Data from: A comment on the use of stochastic character maps to estimate evolutionary rate variation in a continuously valued trait
Revell, Liam J. (2012), Data from: A comment on the use of stochastic character maps to estimate evolutionary rate variation in a continuously valued trait, Dryad, Dataset, https://doi.org/10.5061/dryad.8mj66m5c
Phylogenetic comparative biology has progressed considerably in recent years. One of the most important developments has been the application of likelihood-based methods to fit alternative models for trait evolution in a phylogenetic tree with branch lengths proportional to time. An important example of this type of method is O’Meara et al.’s (2006) “noncensored” test for variation in the evolutionary rate for a continuously valued character trait through time or across the branches of a phylogenetic tree. According to this method, we first hypothesize evolutionary rate regimes on the tree (called “painting” in Butler and King, 2004); and then we fit an evolutionary model, specifically the popular Brownian model, in which the instantaneous variance of the Brownian random diffusion process has different values in different parts of the phylogeny. The authors suggest that to test a hypothesis that the state of a discrete character influenced the rate of a continuous character, one could use the approach of Neilsen (2002) to first stochastically map the discretely valued trait, and then “test to see whether the portions of the tree with one state for the discrete character have a different rate of evolution for the continuous character than portions of the tree to which the other discrete state has been mapped” (O’Meara et al., 2006, p. 931).

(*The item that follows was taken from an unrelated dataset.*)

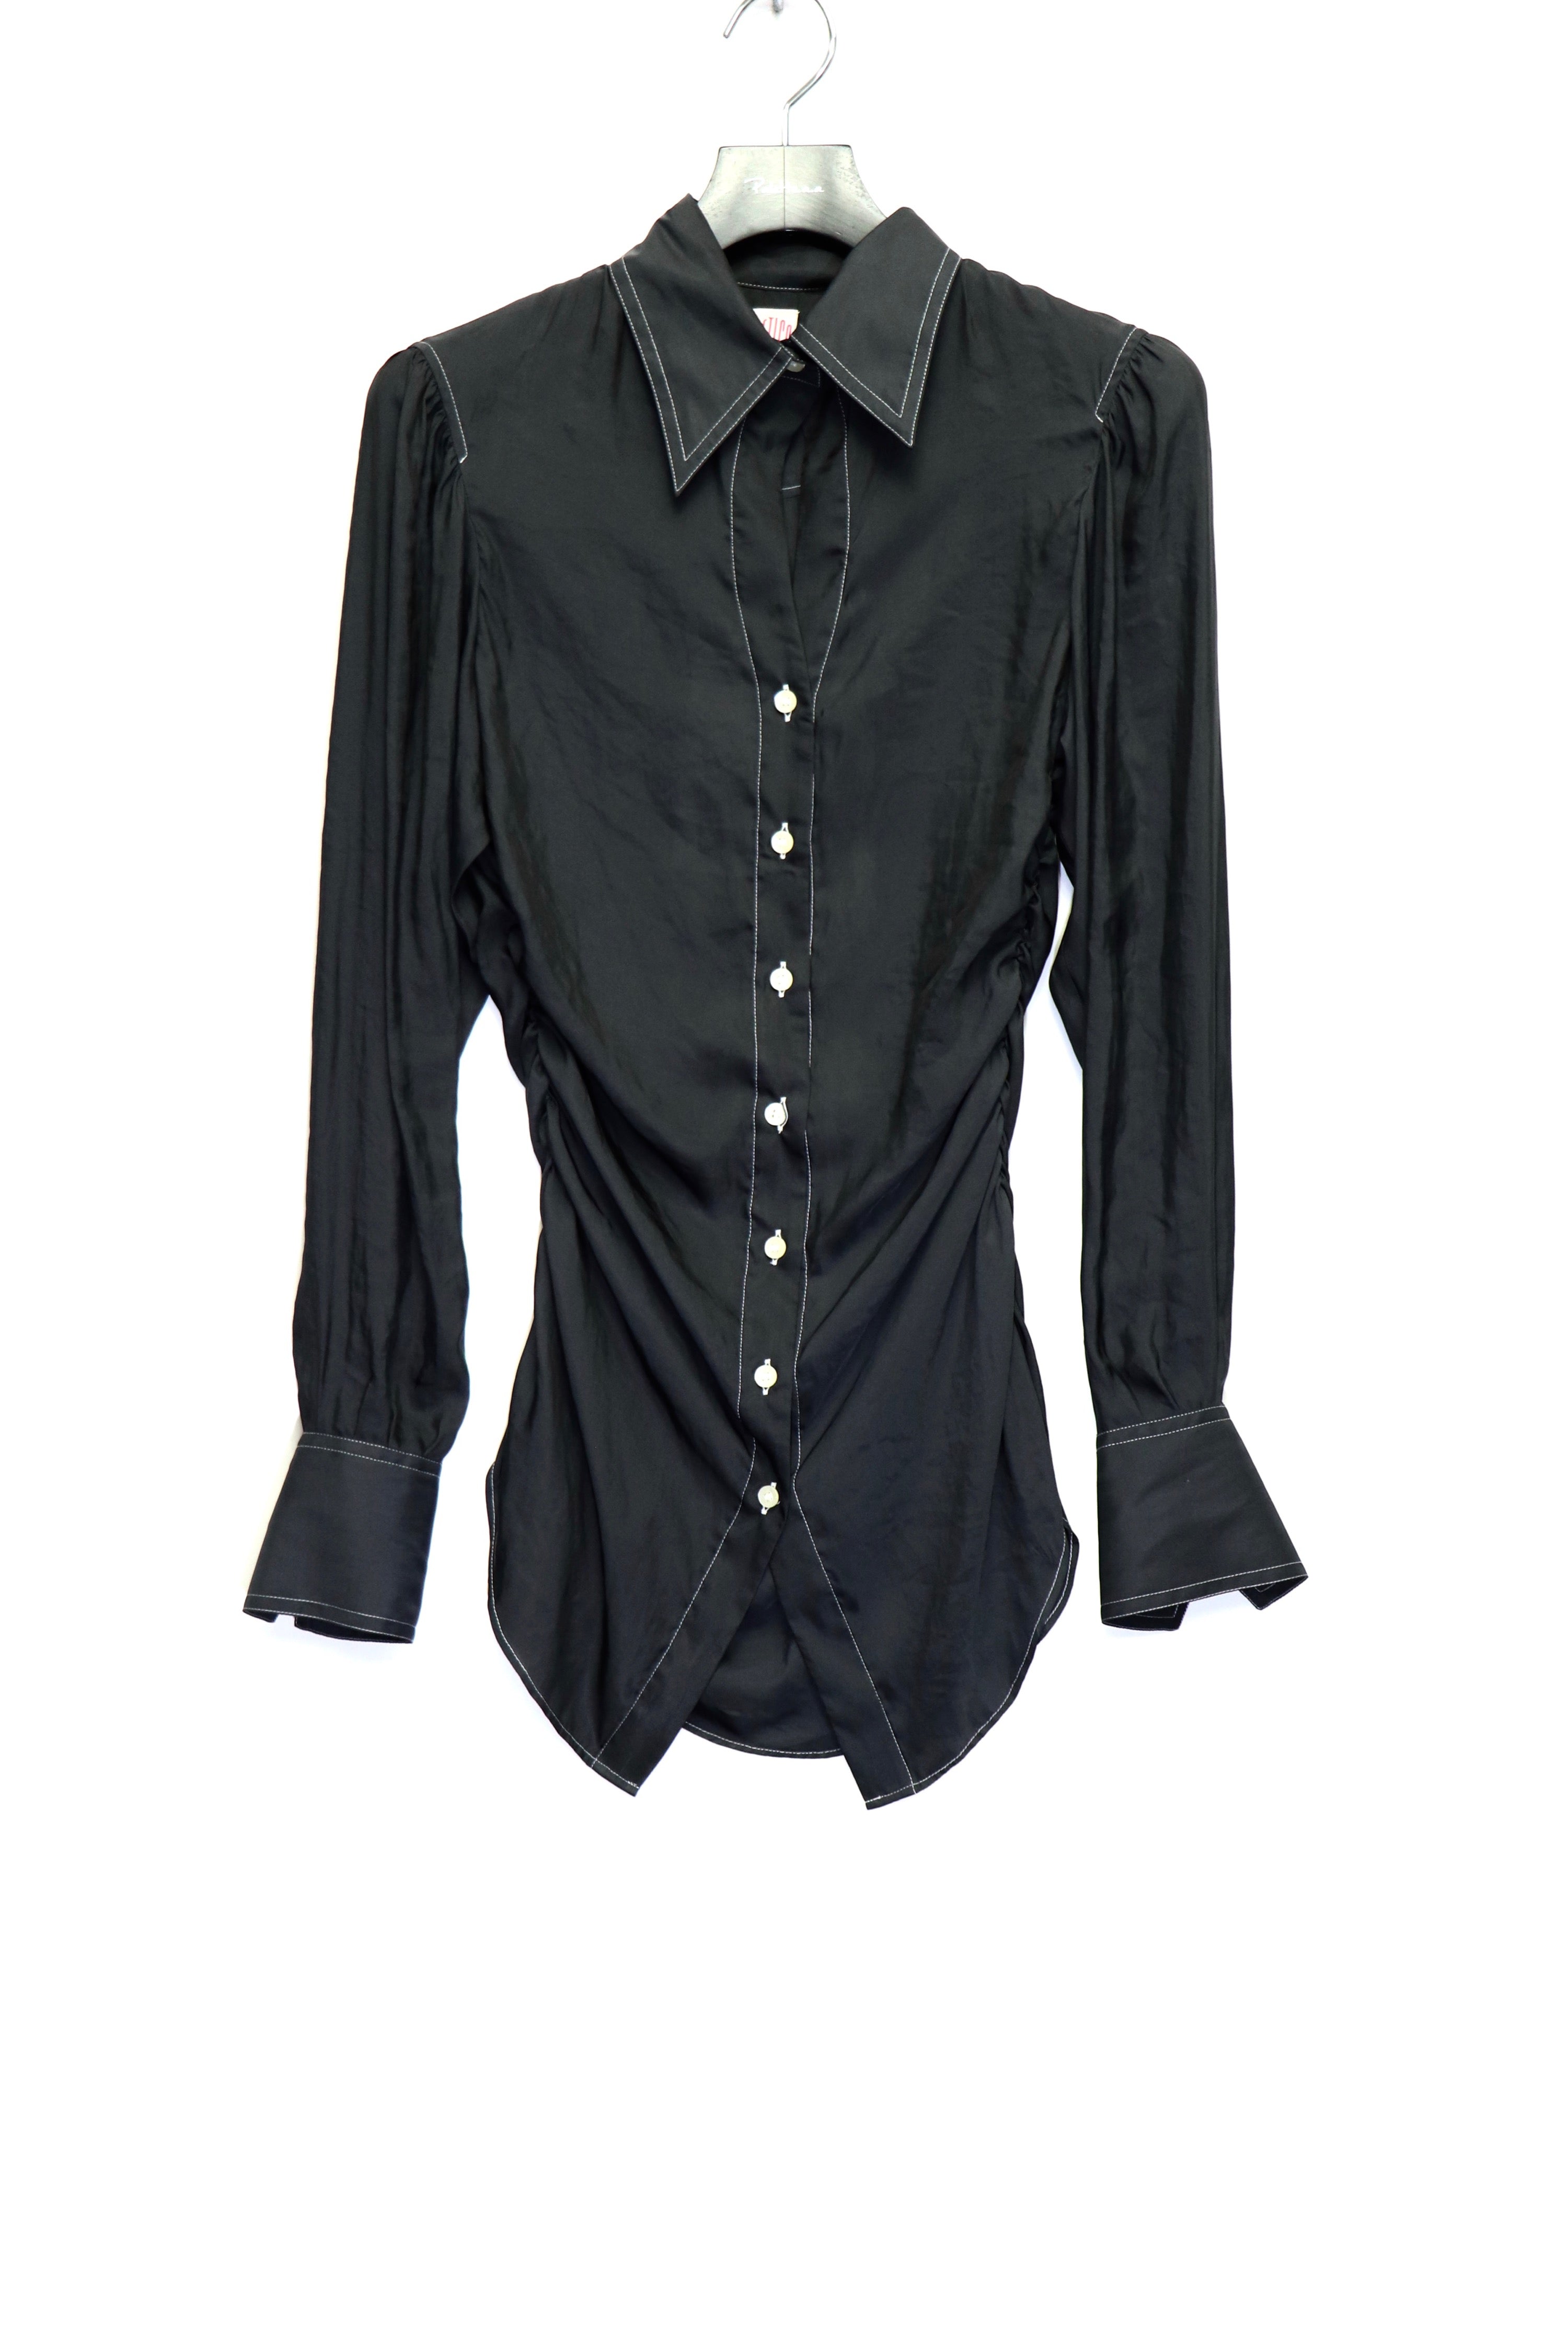 FETICO(フェティコ)のGathered Satin Shirt Black(シャツ)の通販

Indeed, this has become common practice for this and other closely related methods. Here, I examine this practice. In particular, I show that evolutionary rates estimated this way (i.e., by using maximum likelihood [ML] to fit a multirate model on each stochastically mapped tree; and then averaging across trees) are systematically biased to be more similar to each other than are the underlying generating parameters. My analysis also reveals that this effect is dependent on the rate of evolution for the discrete trait. Specifically, if the rate of evolution for the discrete character is low then the difference between the true history and any stochastically mapped 1 history is generally small. This results in evolutionary rates for the continuous trait that are estimated with little bias. Conversely, if the rate of evolution for the discrete character is very high, then the true and hypothesized character histories are often extremely dissimilar, evolutionary rate estimates are biased to be more similar to each other than their underlying generating values, and we lose power to distinguish evolutionary rates on the tree.